Good morning. Here's my take on some of the stories driving the debate in politics, finance and social issues across Asia today:

Pollution crowdsourcing, Alibaba-style.

Chinese billionaire Jack Ma plans to clean up. I'm not referring just to Alibaba's initial public offering, which could top $18 billion, but China's lakes and rivers, too. Ma's asking the 500 million-plus users of his e-commerce business to help map out China's most toxic sources of water. It's not just about altruism: Alibaba is selling water-testing kits so volunteers can measure pollutants and then upload the data on their smartphones. But this is an exciting and rather unpredictable scientific development -- one that might have Communist Party officials looking over their shoulders. I for one am hoping Ma's crowdsourcing revolution takes off.

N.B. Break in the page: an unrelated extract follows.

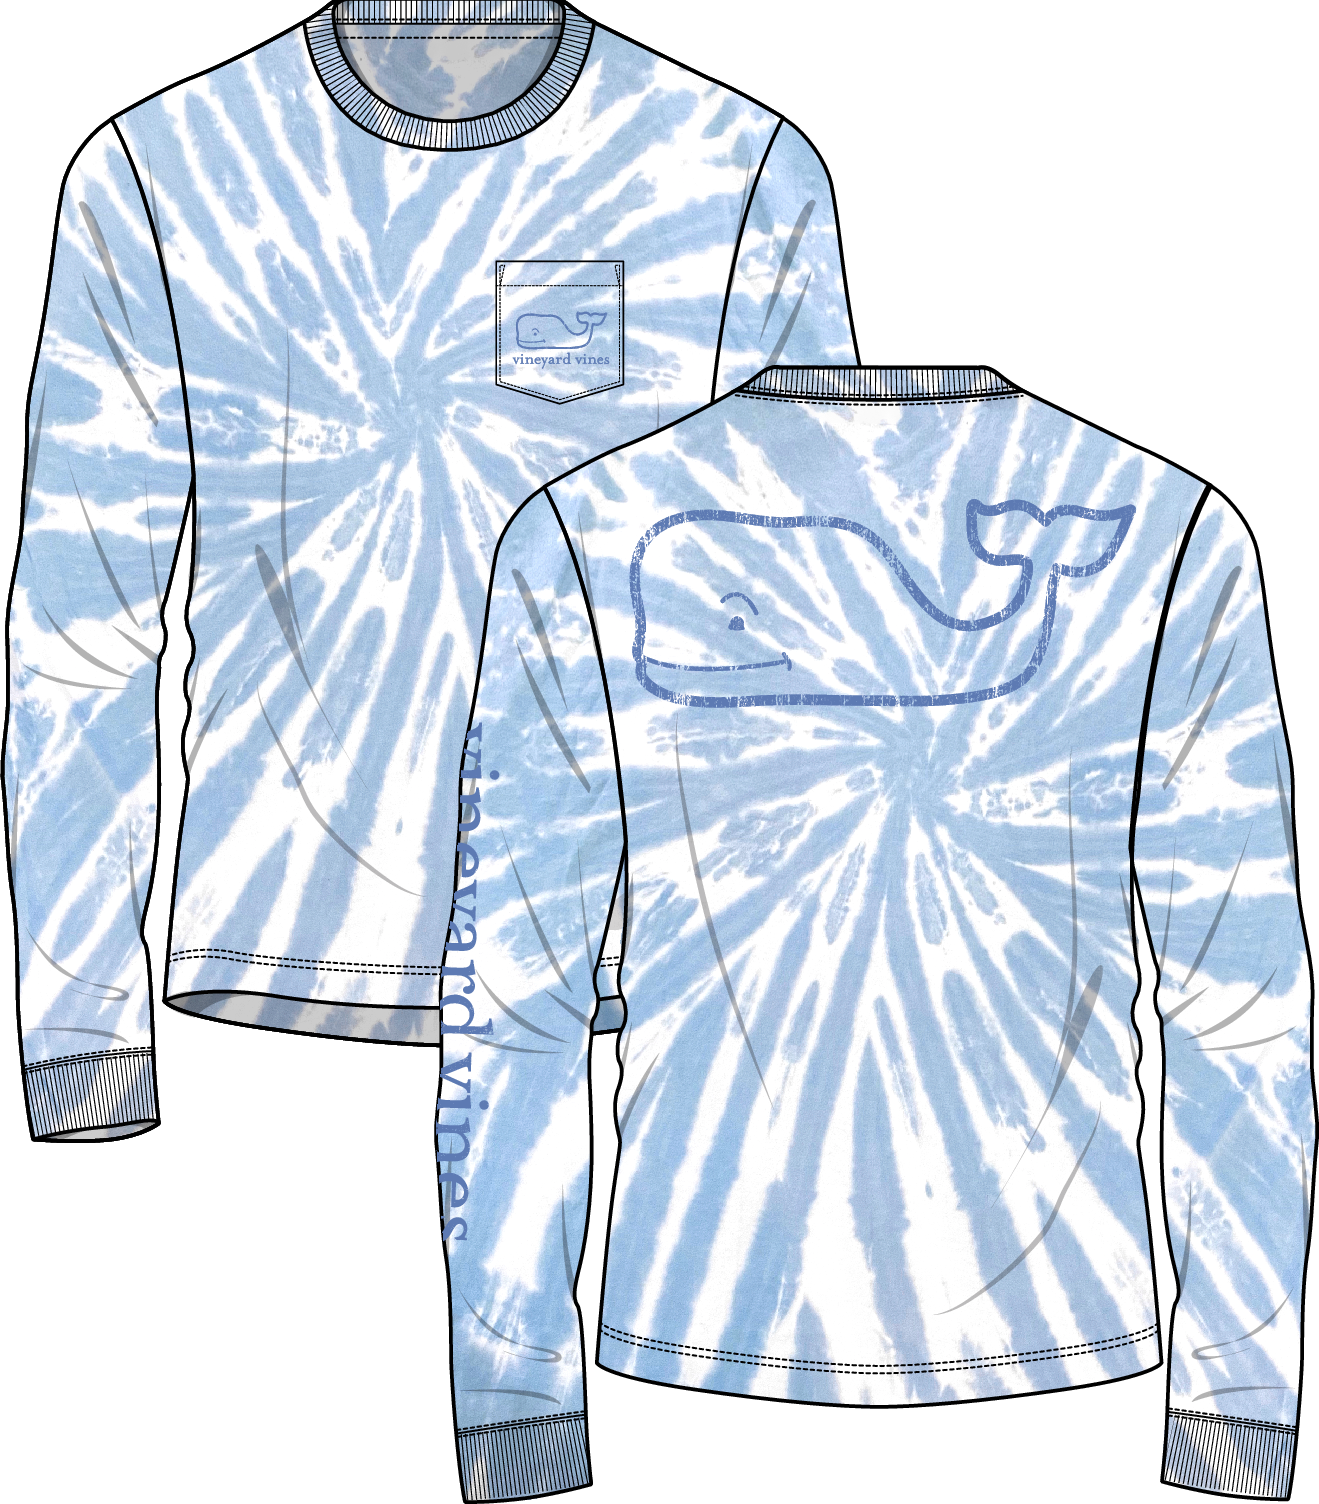 Vineyard Vines Men's Short-Sleeve On-The-Go T-Shirt, Blue Blazer

Abe meets with moneyman Kuroda.

When investors ponder Shinzo Abe's meeting with Haruhiko Kuroda today, thoughts of monetary policy, inflation and bond yields probably came to mind. Me? All I could think about was poker. Japanese Prime Minister Abe has kept his timeline for implementing the structural reforms he's pledged very close to the vest. Nor is Bank of Japan Governor Kuroda keen to show his cards right now. If Kuroda makes it clear he will go further this year to increase liquidity, Abe might feel less urgency to do his part to enliven growth and end deflation. The question for the BOJ is whether Abe is bluffing or really does plan to play his hand. The stakes are rising as we speak.

Centrals banks are an addiction all their own.

All the hand-wringing over Federal Reserve tapering ignores how difficult it will be to move interest rates away from zero. If Japan taught us anything it's that central banks that begin quantitative-easing programs have a very hard time weaning liquidity-addicted political systems off them. Ultralow rates make monetary junkies of us all. In this Time magazine piece, Michael Schuman explores the extent to which governments from Tokyo to Washington have abdicated responsibilities to a bunch of unelected economists and the risks inherent to this arrangement. "We’ve come to rely so much on our central bankers," Schuman writes, "because politicians and corporate leaders are failing to fix what really is holding us back."

Jakarta, the city of the future.

Uncertainty is in the air as Indonesians prepare to vote for a new leader in July. Whither Southeast Asia's biggest economy? Will its hard-won political stability survive? Can President Susilo Bambang Yudhoyono's successor eradicate corruption? Amid so many big questions, one thing is clear from the latest A. T. Kearney rankings of emerging cities: Jakarta is going places. The Indonesian capital topped the top-20 list, with Manila coming in second, New Delhi fifth and Mumbai eighth. Indonesia's young workforce and bevy of natural resources may continue to attract foreign companies, jobs and, with the help of forward-looking government policies, even raise living standards.

Happy birthday, Kim Il Sung.

OK, so it probably wasn't the most joyous of occasions as the Hermit Kingdom's top officials celebrated what would've been the 102nd birthday of founder Kim Il Sung. The master of ceremonies was, of course, his grandson Kim Jong Un, who, according to the official KCNA news agency, paid homage in the "humblest reverence for him." Kim also implored his nation's 24 million people to reaffirm their loyalty to the ruling Kim dynasty. Well, at least Kim didn't fire any missiles or purge any uncles to mark the occasion. There's always next year.